Come the warmer weather, they’ve done their work and stored away enough energy for the following season so they die back and disappear (not unlike any other bulbs).
Why’s is It So Hard to Stop Them-Nothing Works
Think of an iceberg.
We’ve all heard the saying, “It’s just the tip of the iceberg.” That’s because only about 10% of an iceberg sits above the water, while the other 90% remains hidden beneath the surface.
Sour sobs are a bit the same (not just because they like the cold! 🥶)
What you’re seeing above the soil is only a tiny fraction of the real problem.
Every single plant is attached to an underground bulb, and over time that bulb produces dozens of tiny bulblets around it. Long before you realise it, hundreds of them can be quietly waiting beneath the surface. Then, when the autumn rains arrive and the soil cools, they all begin shooting at once.
Add to that the thousands of seeds, from the flowers that did have the opportunity to set seed, already lying dormant in the soil, and it’s easy to understand why pulling a few plants rarely solves the bigger problem. In fact, digging can often break up and spread those bulbs even further, creating even more plants for future seasons.
That’s why controlling sour sobs isn’t about winning one battle, it’s about slowly exhausting both the underground bulb bank and the seed bank over several seasons.
So, Here’s How to Manage Sour Sobs Naturally
We should always try to work with nature wherever we can.
Instead of pulling them out, simply chop them down before they have the chance to build up more energy reserves or set seed. A mower, whipper snipper or hoe all work beautifully.
That leafy material becomes free organic matter, it lays there, slowly breaking down into the soil and feeding the worms, fungi and beneficial microbes that make healthy gardens.
Even better, those little roots you’ve left behind continue doing a very important job.
As they naturally die away, they leave behind thousands of tiny channels through the soil. Those little passageways improve water infiltration, allow oxygen to move deeper into the ground and create spaces where your plants roots and soil life can thrive.
Nature has already done the hard work; you might as well take advantage of it.
If they’re growing through your garden beds, add a generous layer of mulch, carboard, autumn leaves, anything organic over the top. Smother them!! Smothering them reduces the light they receive, helps weaken them over time and, at the same time, builds healthier soil underneath.
Patience really is your greatest tool.
Every year you stop the plants from photosynthesising; you’re slowly reducing the energy stored inside those underground bulbs. It won’t happen overnight, but neither did the infestation.
Is Roundup the Answer?
Sometimes, in severe infestations or areas where absolutely nothing else is practical, herbicides may have a place.
But they’re rarely the magic bullet people hope for, and often they kill other non-target plants that weren't intended (like the prized roses!!).
They usually kill the leaves you can see, but they do nothing to stop the countless dormant bulbs and seeds ready to emerge later.

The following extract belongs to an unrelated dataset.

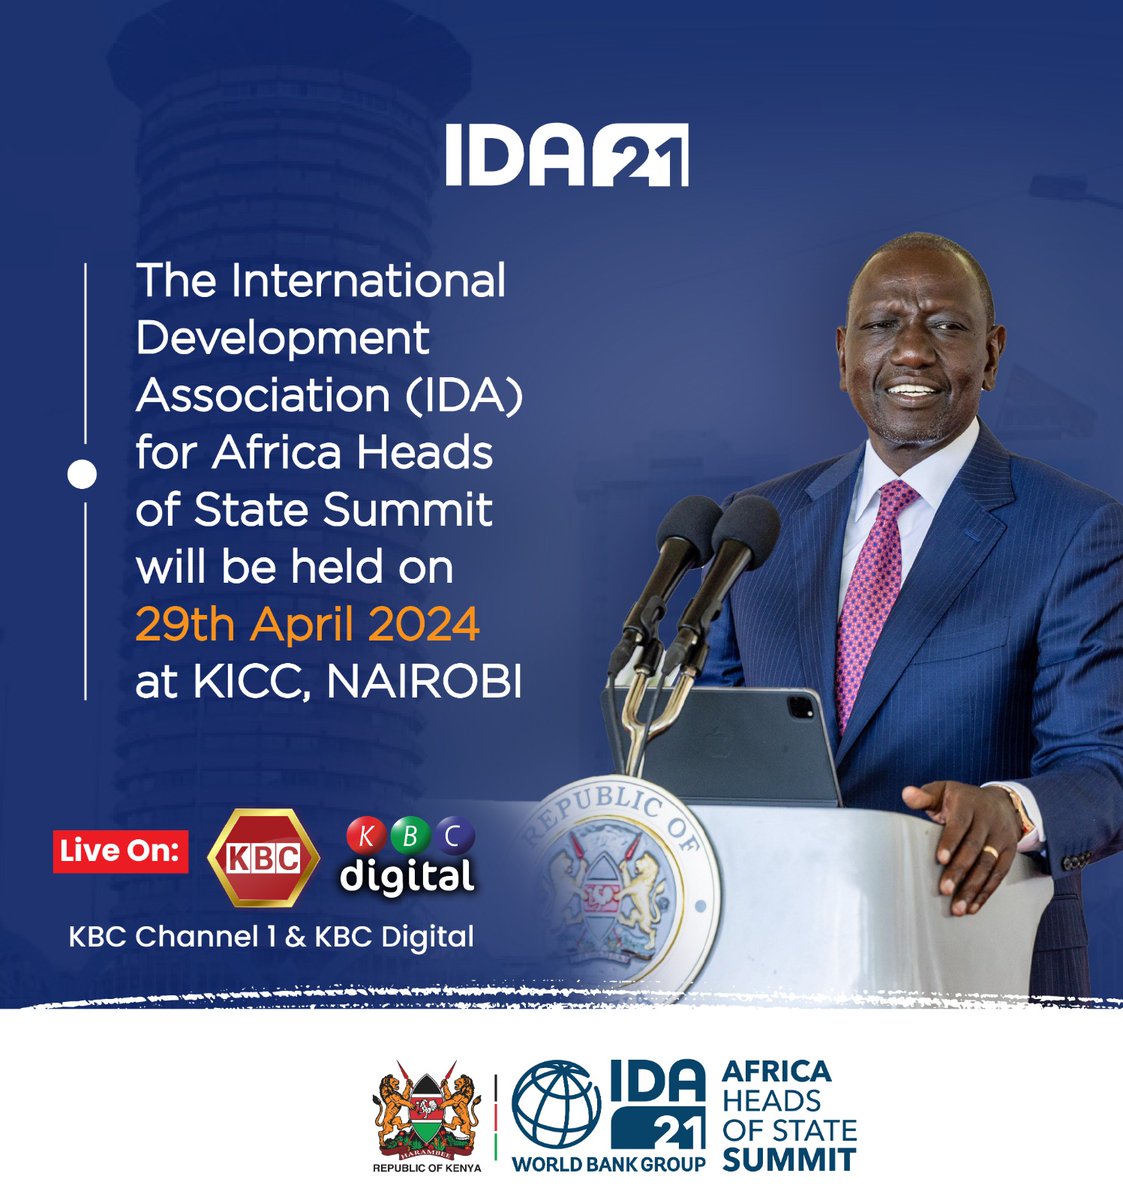 On 28th - 29th April, the Government of Kenya will be hosting African Heads of State and the World Bank to identify key priorities for financing in Africa and champion an ambitious financing replenishment of IDA resources. #idaworks #ida21nairobi #kenya

That’s why so many people spray year after year and still find themselves asking exactly the same question the following winter.
Sometimes the Weeds Are Trying to Tell Us Something
Believe it or not, those little yellow flowers are actually telling us something.
They’re reminding us that the soil has cooled right down.
The rains have arrived.
The microbes are active.
Earthworms are moving.
Life beneath our feet is quietly thriving.
Our gardens are breathing after another long, dry summer.
So perhaps instead of seeing sour sobs as the enemy, we can simply see them as another sign that winter has arrived, and everything is as it should be.
Give them a quick haircut, leave everything on the ground to feed the soil, spread a little mulch where you can and let nature continue doing what she does best.
Sometimes the healthiest garden isn’t the one with no weeds.
It’s the one with the healthiest soil beneath them.